The Innovator's Dilemma by:Clayton Christensen

Week 8 Book Reflection: The Innovator’s Dilemma “Performance Provided, Market Demand, and the Product Life Cycle”

“Historically, when this performance oversupply occurs, it creates an opportunity for a disruptive technology to emerge and subsequently to invade established markets from below.” Fundamental change is created by performance oversupply, the order will change in which customers choose one product over another which will trigger the transition to the next phase in the product life cycle. Oversupply through this product life cycle determines how the industry’s competition will change over time.

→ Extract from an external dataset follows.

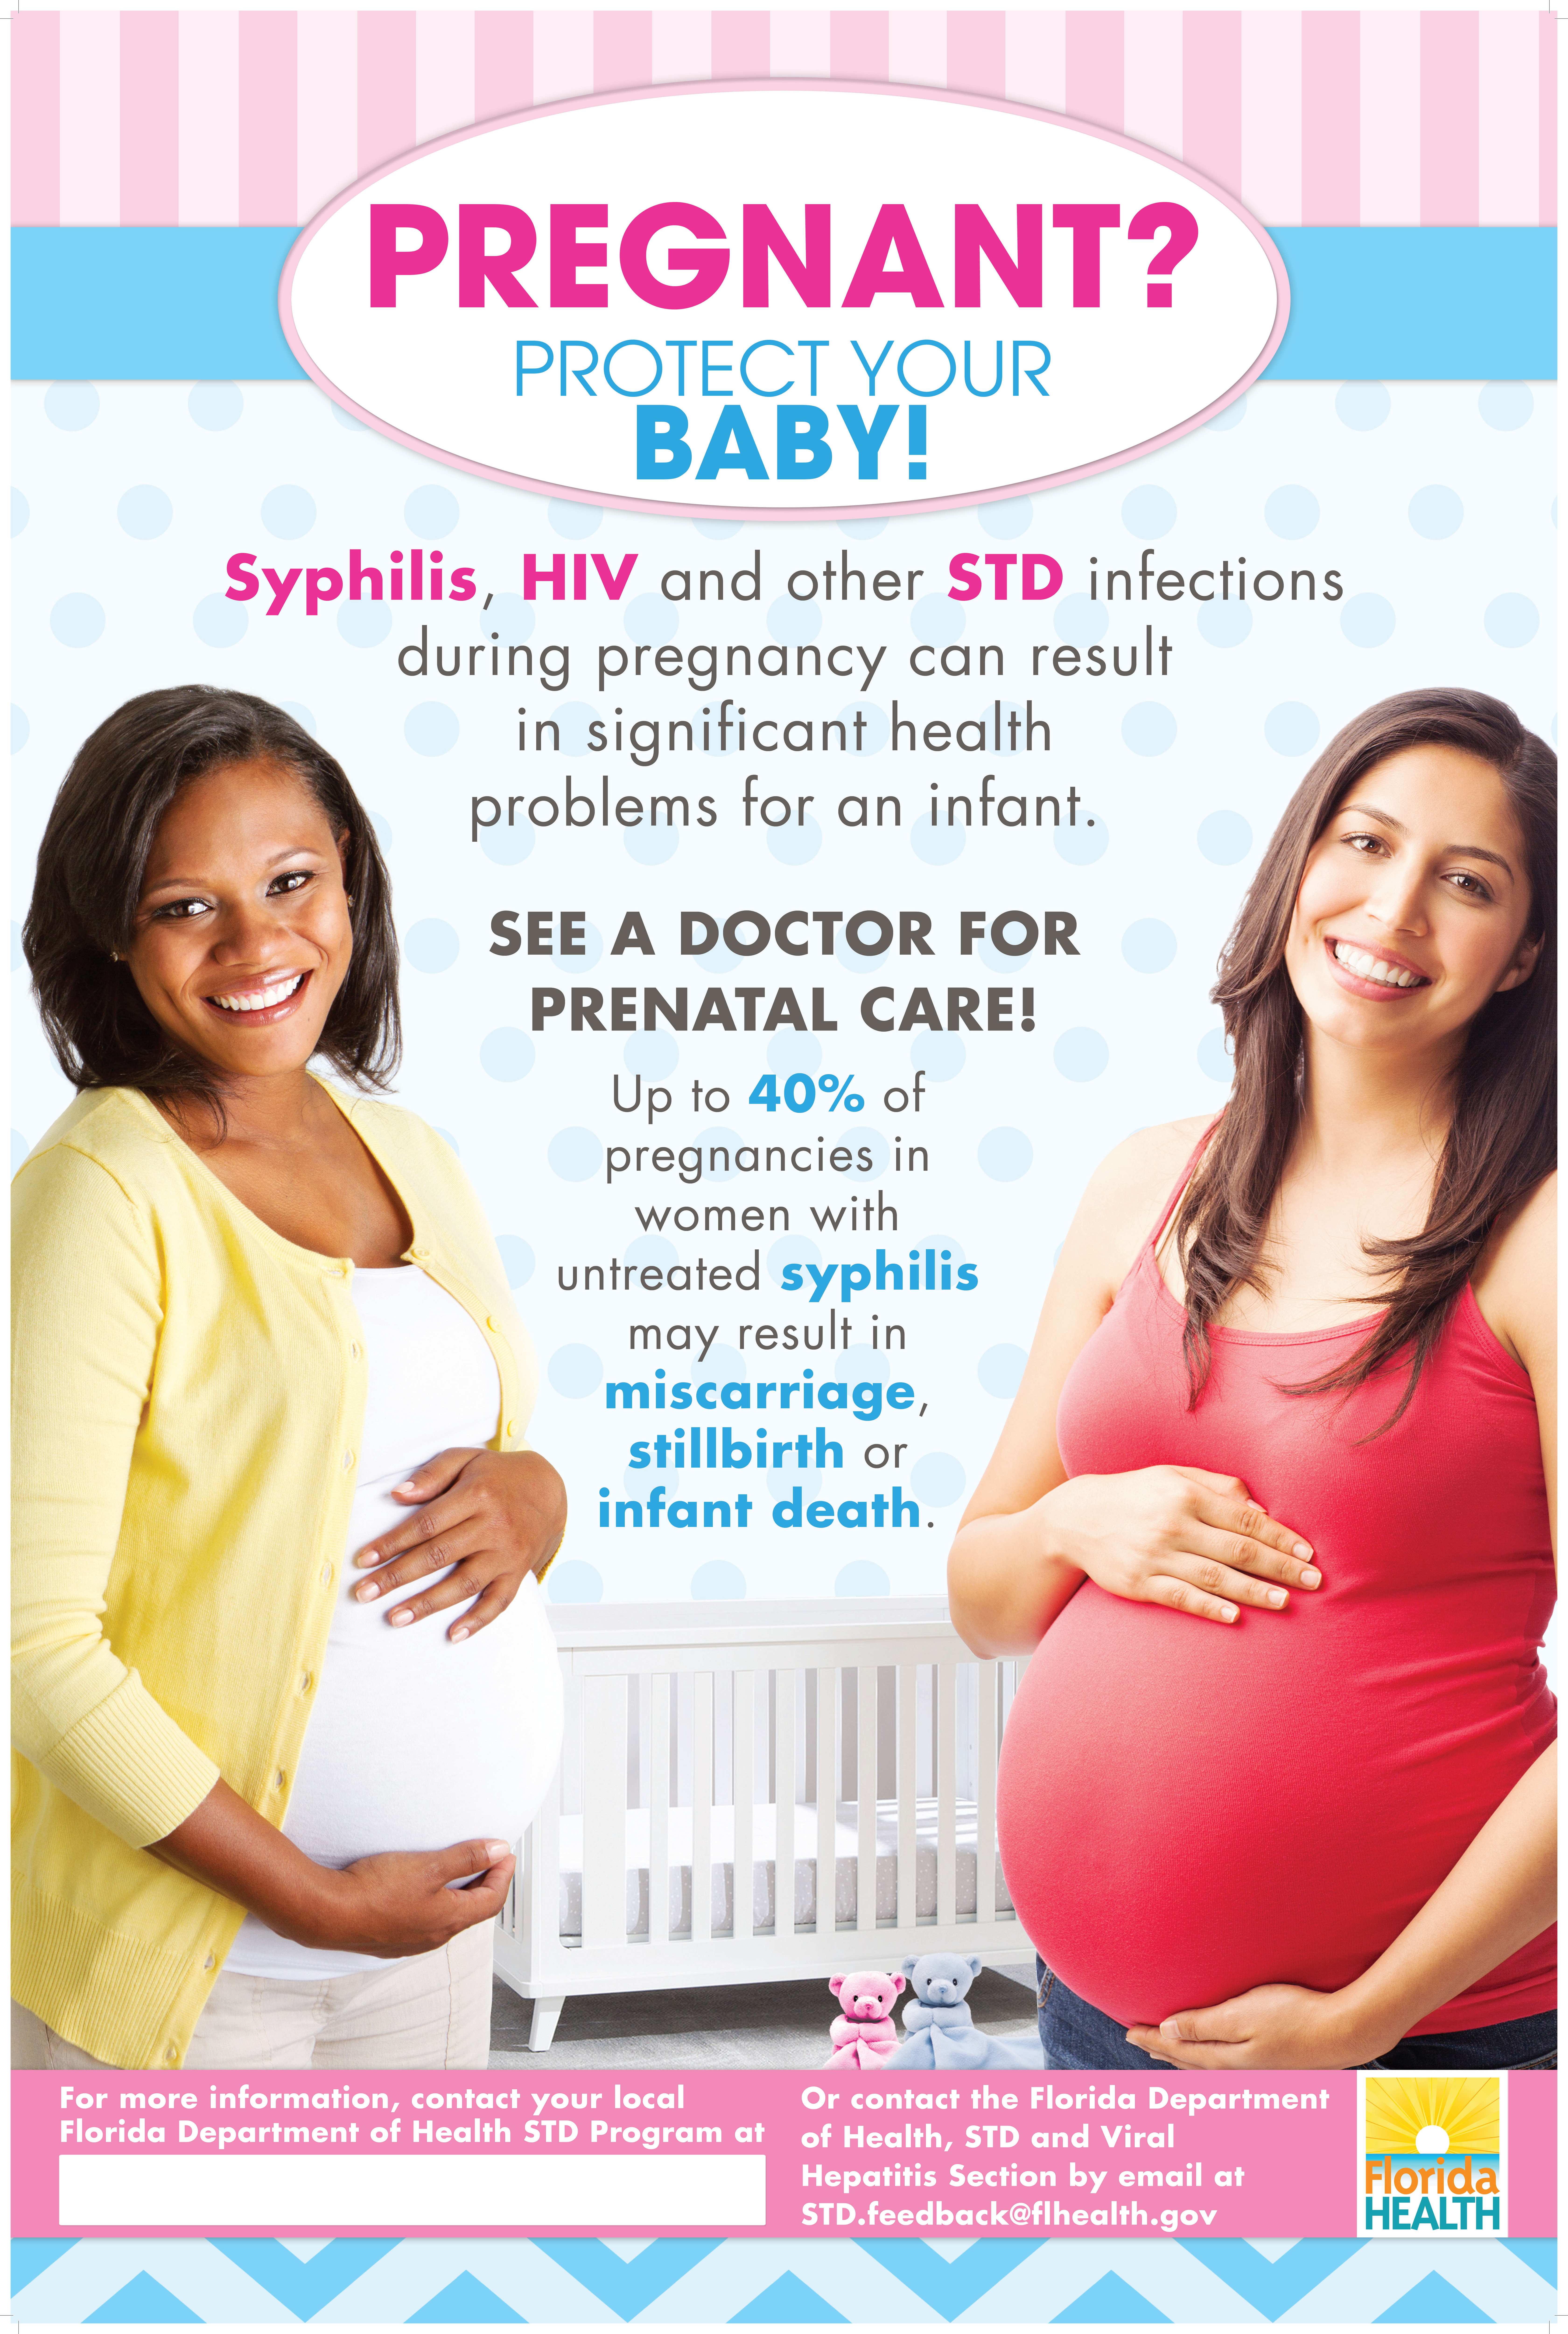 Pregnant? Protect your Baby! See a Doctor for Prenatal Care!

“Generally, once the performance level demanded of a particular attribute has been achieved, customers indicate their satiation by being less willing to pay a premium price for continues improvement in that attribute. Hence, performance oversupply triggers a shift in the basis of competition, and the criteria used by customers to choose one product over another changes to attributes for which market demands are not yet satisfied.”

When does a product become a commodity? When the changes in competition actually come to fruition and multiple products satisfy the need for performance. In these cases it is hard to stand out from the competitors. “But differentiation loses its meaning when the features and functionality have exceeded what the market demands.”

Buying hieracrchy describes four phases of the performance oversupply life cycle, which is what drives the transition. These phases include functionality, reliability, convenience, and price. Functionality is based on when there is only one product available to satisfy the functionality, the customers will go for that. When there becomes two similar products available with the same functionality then customers do not base their buying decisions on functionality and the buying hierarchy moves up one life cycle phase. The next phase that customers will base their choice of product on is its reliability and the reliability of the vendor, and the most reliable products can change a premium for this sense of reliability. This works until two or more products are equally reliable then the next phase in the life cycle is convenience. Customers will want the most convenient product to use and the deal with the vendors who are most convenient. When multiple vendors offer convenient products and services the phase of competition moves to price. Customers will buy the lowest priced functional, reliable, and convenient product. In all of these situations it will stay in the current phase as long as the market demand for the phase exceeds what the vendors are able to provide, customers will choose products on this basis. As soon as it exceeds that point then it will move to the next life cycle phase.

In Geoffrey Moore’s book Crossing the Chasm, he shows the same life cycle but through the eyes of the customer instead of the product. Explaining it in waves of growth, and through the waves of growth “technology can improve to the point that market demand for a given dimension of performance can by satiated.” This change of phases, and growth waves of basis of competition is a very important characteristic of disruptive technology.


ENT 601 ch.8



Christensen, Clayton, The Innovator’s Dilemma (Boston: Harvard Business School Press, 1997).

Geoffrey A. Moore, Crossing the Chasm (New York: HarperBusiness, 1991).